Head and neck cancer include oral cavity and oropharyngeal cancers, nasopharyngeal cancers (NPC), laryngeal and hypopharyngeal cancers, et al. According to the globocan 2012, the incidence of head and neck cancer every year is 683235/1000,000, the mortality is 375665/1000,000. And it is the sixth cause of cancer death throughout the world1,2,3. Because of the difficulty in early diagnosis, the five-year survival rate of head and neck cancer is lower than other cancers like breast, cervix and colorectal cancers4. Therefore, early diagnosis of head and neck cancer is extremely important.

There are many kinds of methods to detect head and neck cancer, including radiologic examinations and endoscopy. Radiologic examinations include CT, MRI, PET/CT and so on. CT or MRI provides cross sectional imaging, if the tumors are too small, they can’t be visualized by CT or MRI. The time and cost may be also problem for patients. Additionally, CT or MRI may be beneficial in staging laryngeal carcinoma and planning the most appropriate surgical procedure5. PET/CT identified primary tumors of non-squamous origin that infiltrated the middle or deep submucosal layer, including nonkeratinizing and undifferentiated carcinomas.

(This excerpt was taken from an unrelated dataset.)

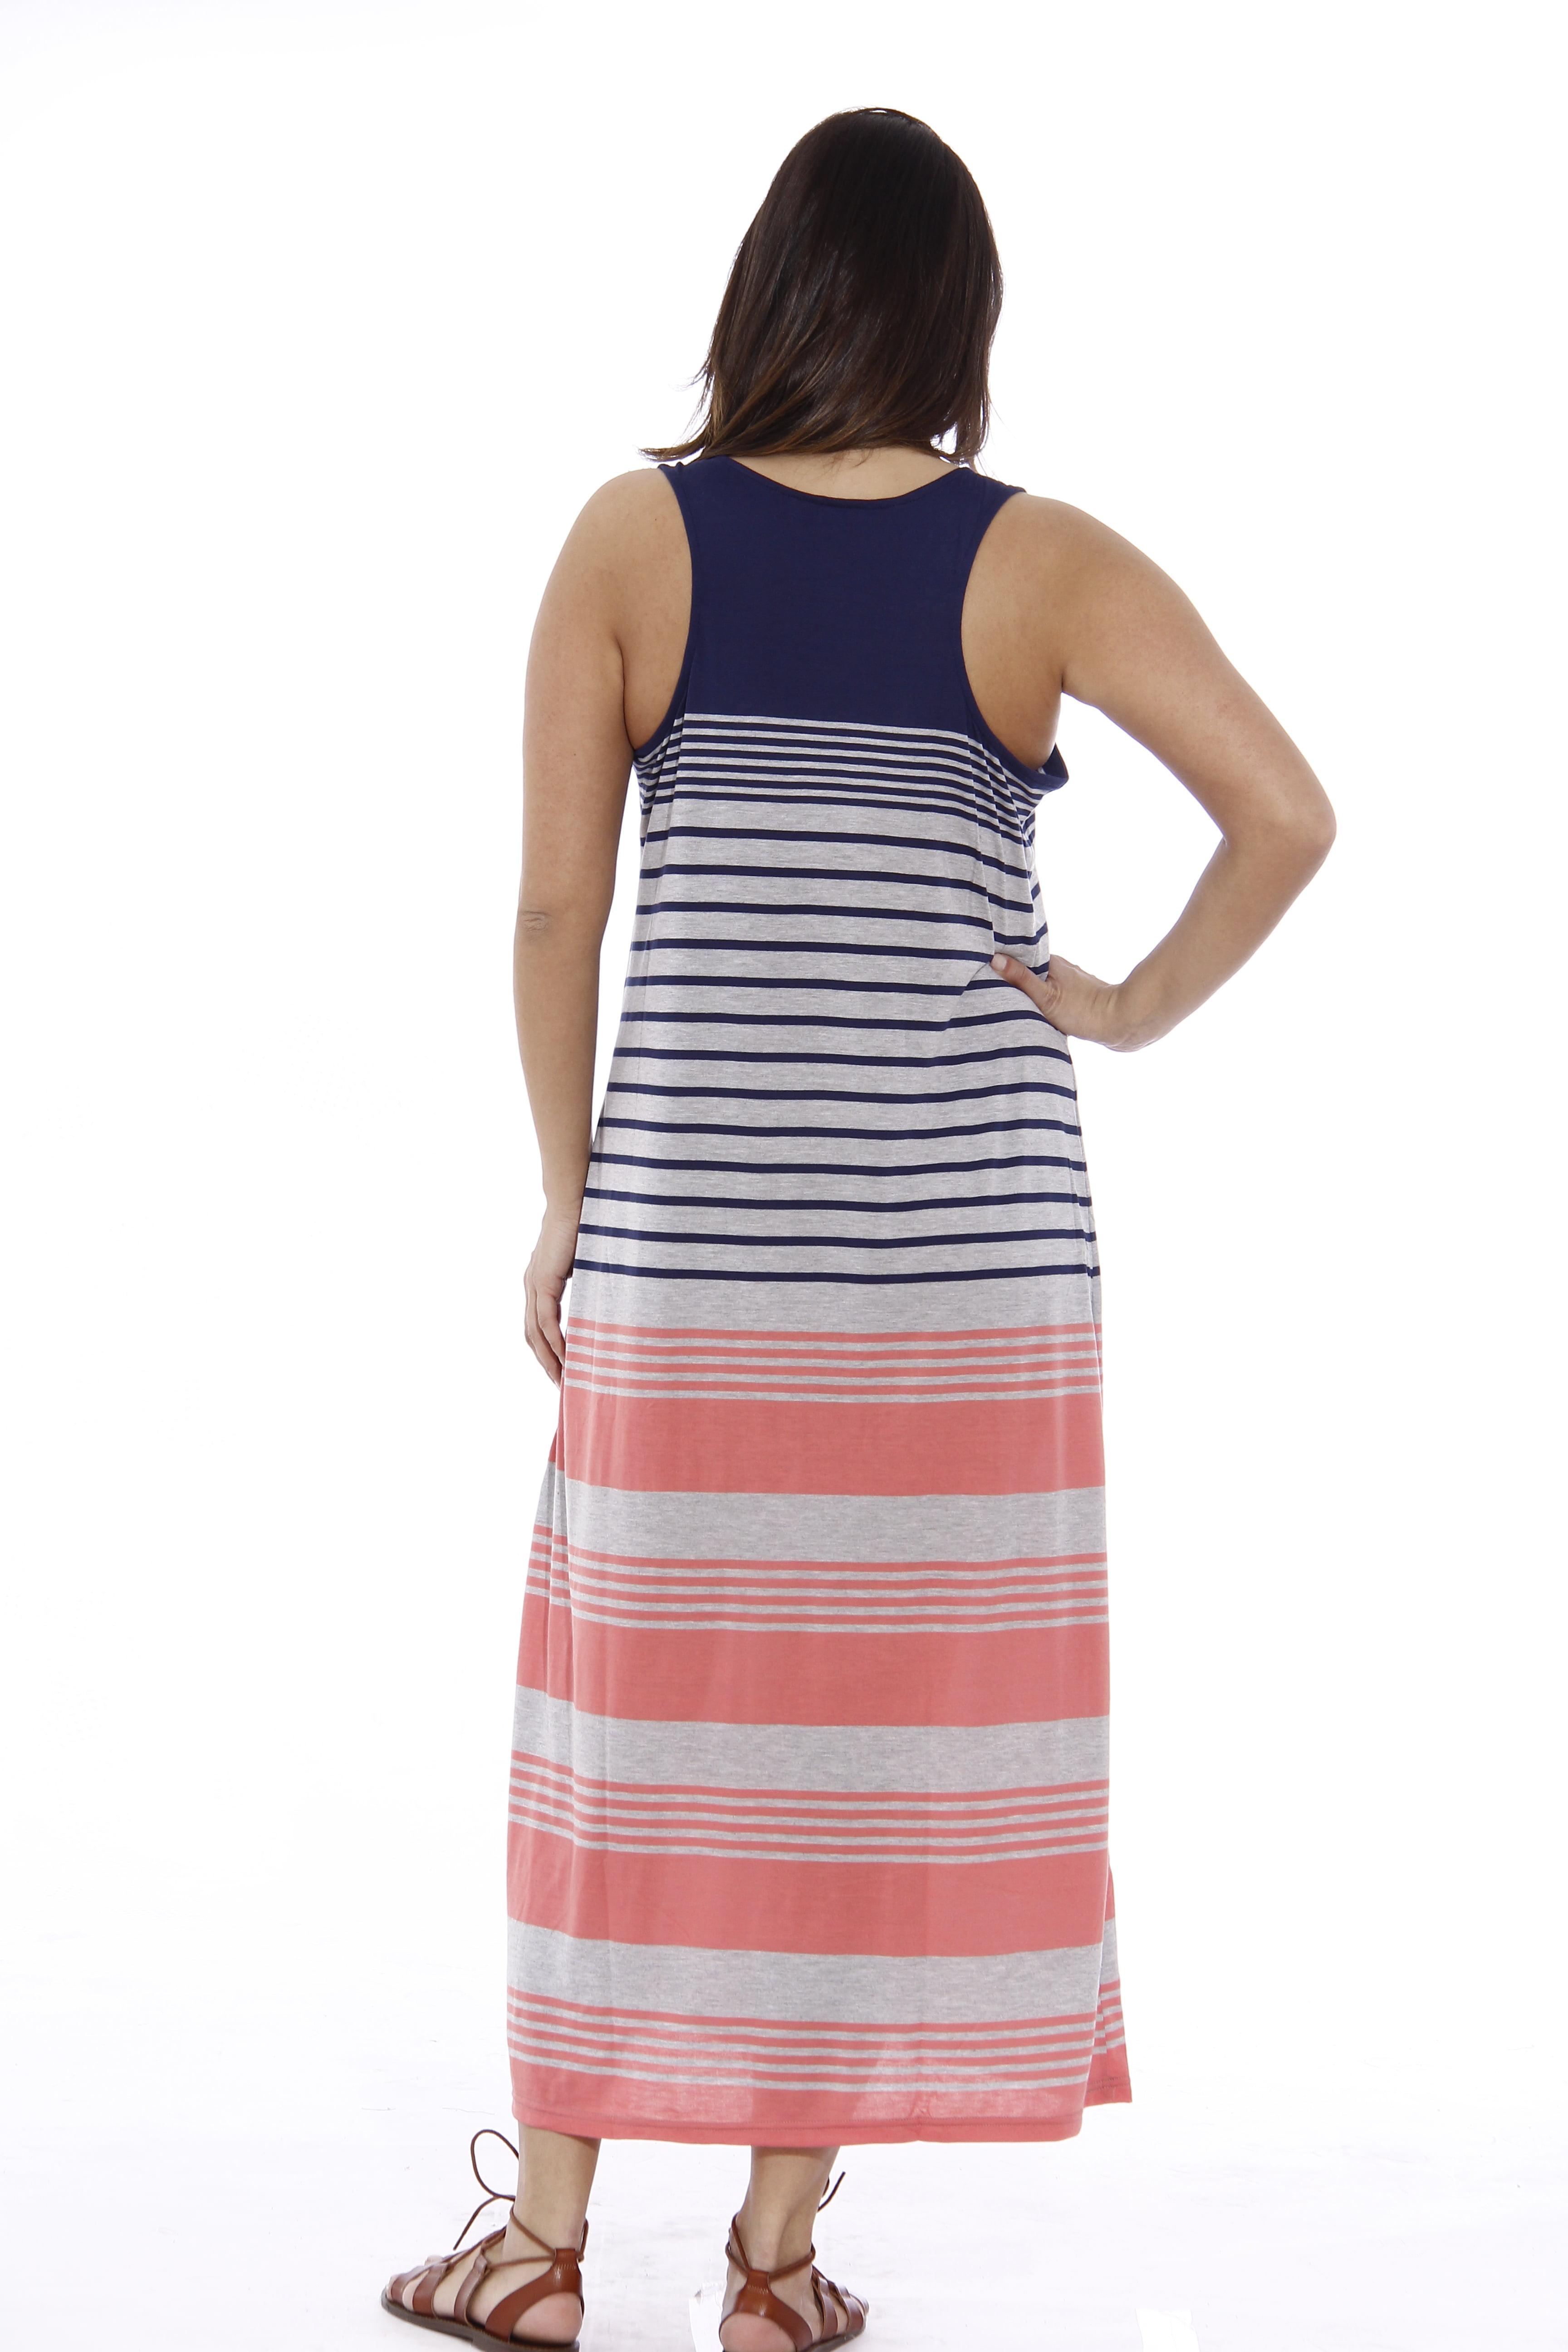 da1ef3518b23 Just Love - Plus Size Summer Dresses / Maxi Dress (Coral / Heather / Navy,  3X, Sundress) - Walmart.com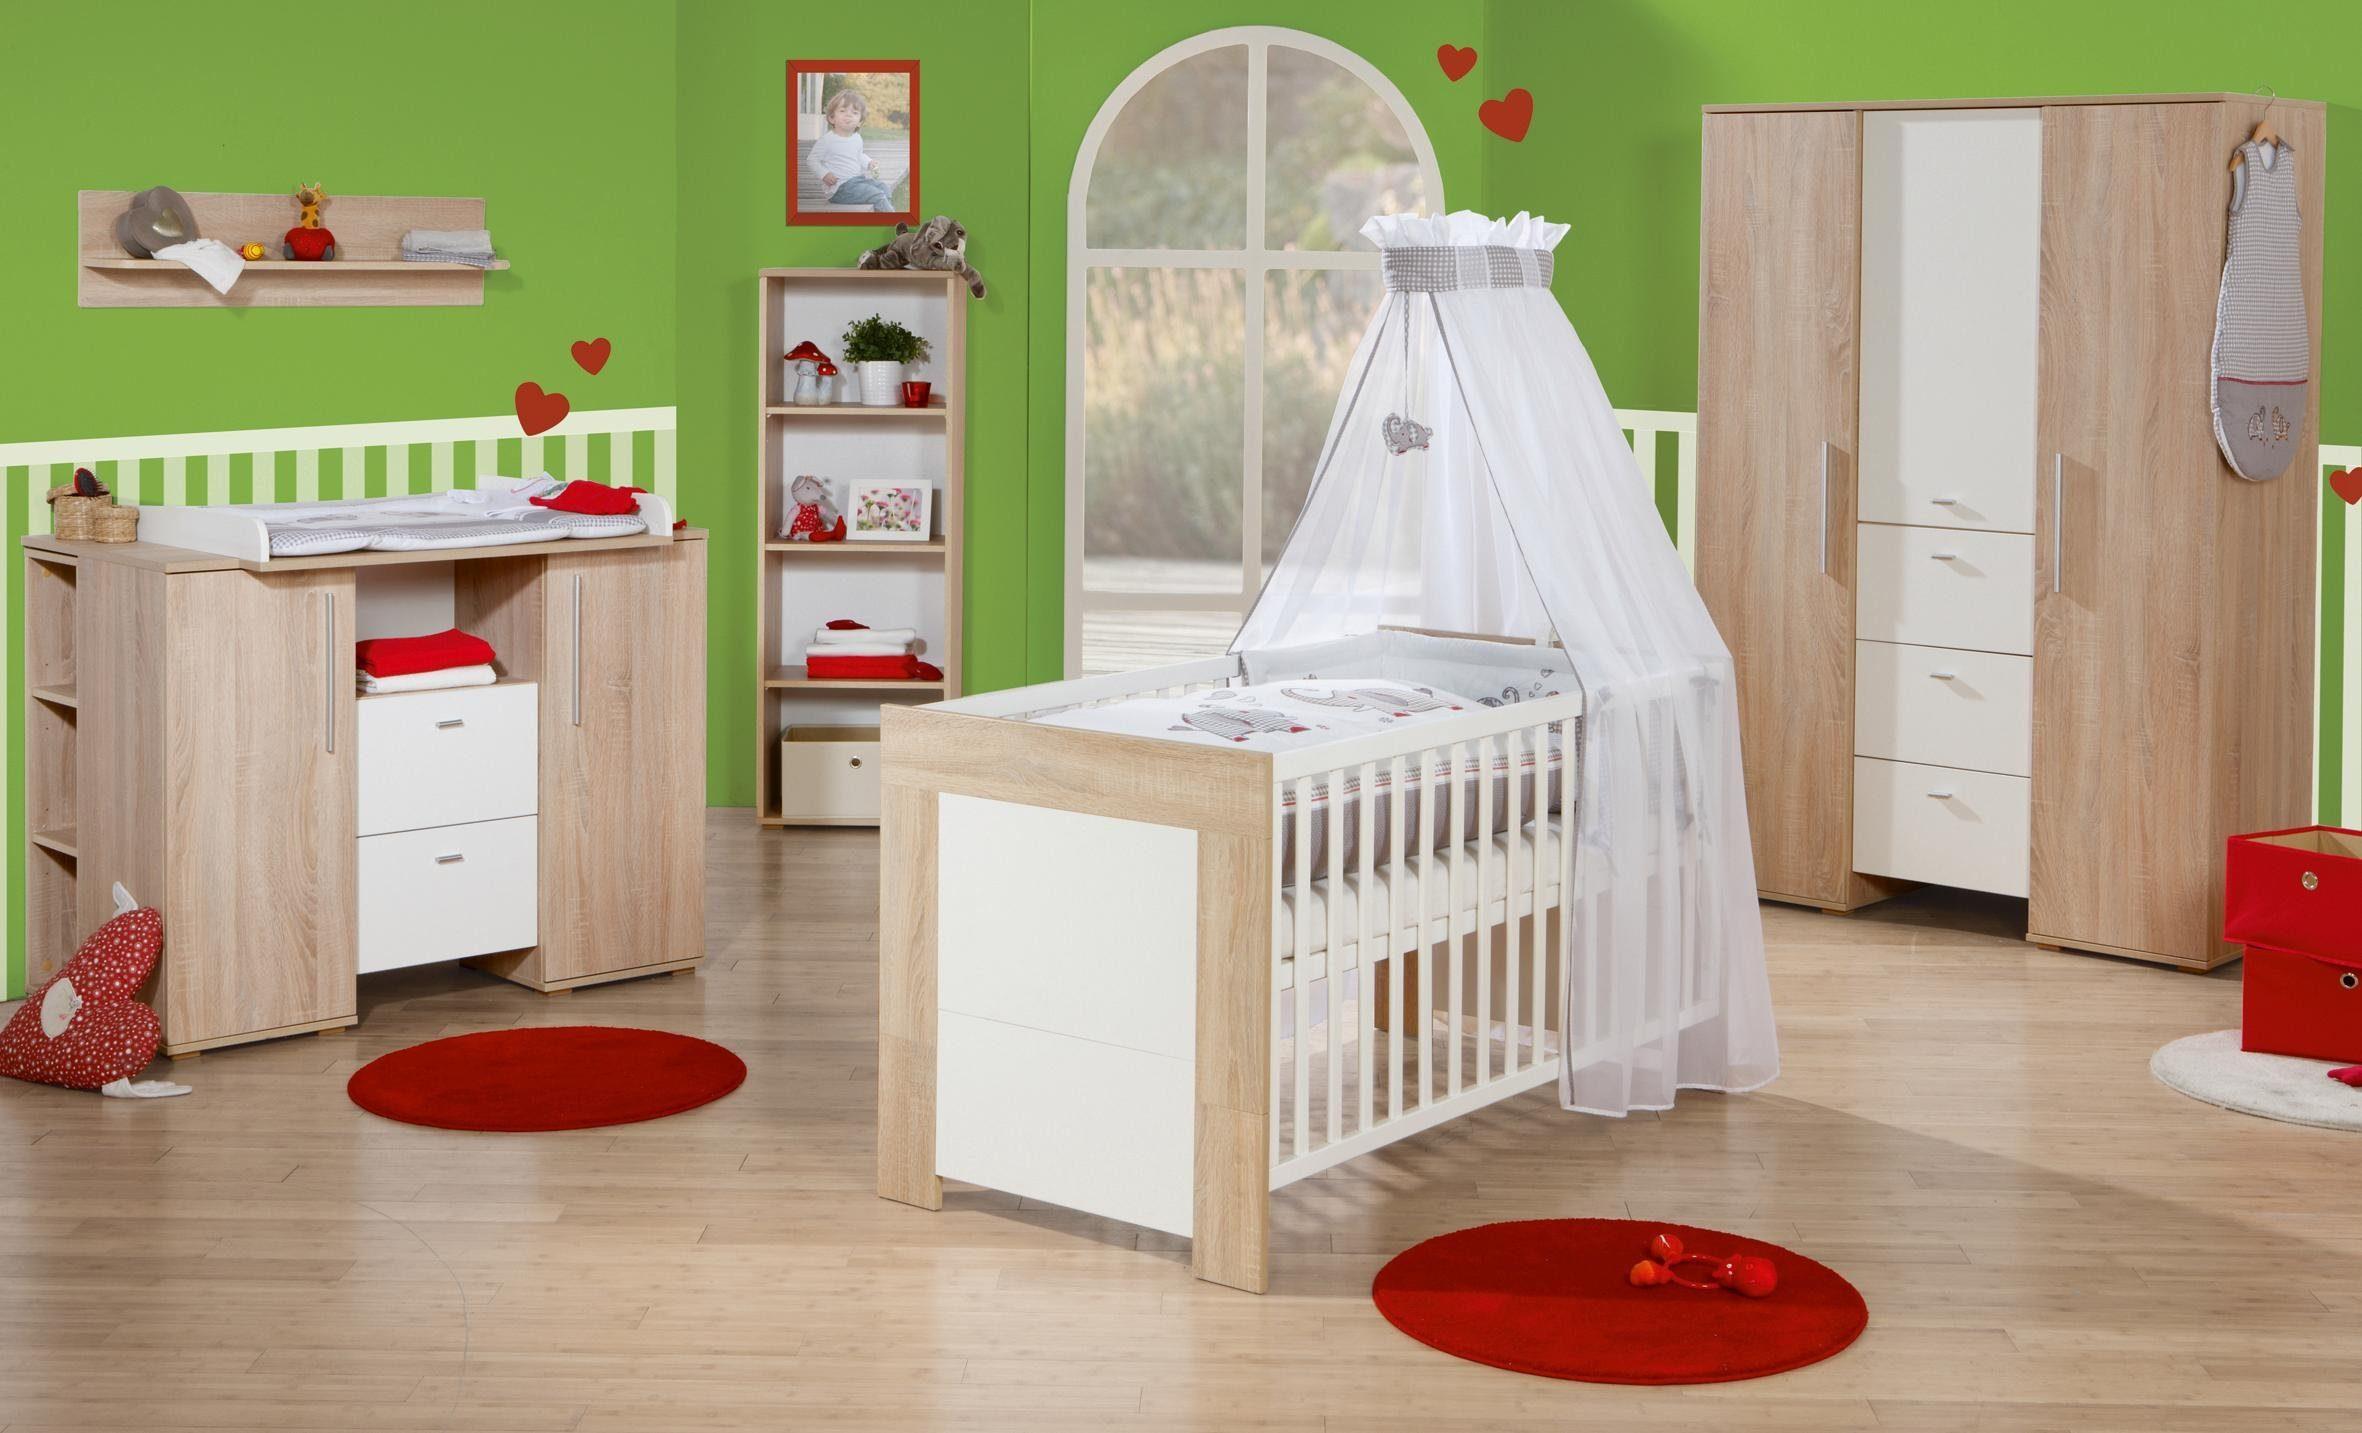 Roba Babyzimmer Set (3-tlg) Kinderzimmer »Daniel« S

Small or superficial lesions can easily be missed, because they are too small to take up sufficient FDG for detection on PET, this is the limited resolution of the PET scanner6,7. Therefore, endoscopy may be the prime method to early diagnose head and neck cancer. Among them, narrow band imaging (NBI) is a novel optical digital method of image-enhanced endoscopy which combined with the electronic laryngoscope. The thin capillary network on the mucosal surface shows as brownish and thick blood vessels show as cyan, on the NBI image. To identify suspicious lesions, especially in the colon, stomach, and esophagus, NBI has been applied as the standard endoscopic examination. Besides there were many meta-analysis studies to evaluate the diagnostic performance of NBI in these cancers8,9,10,11,12,13,14,15.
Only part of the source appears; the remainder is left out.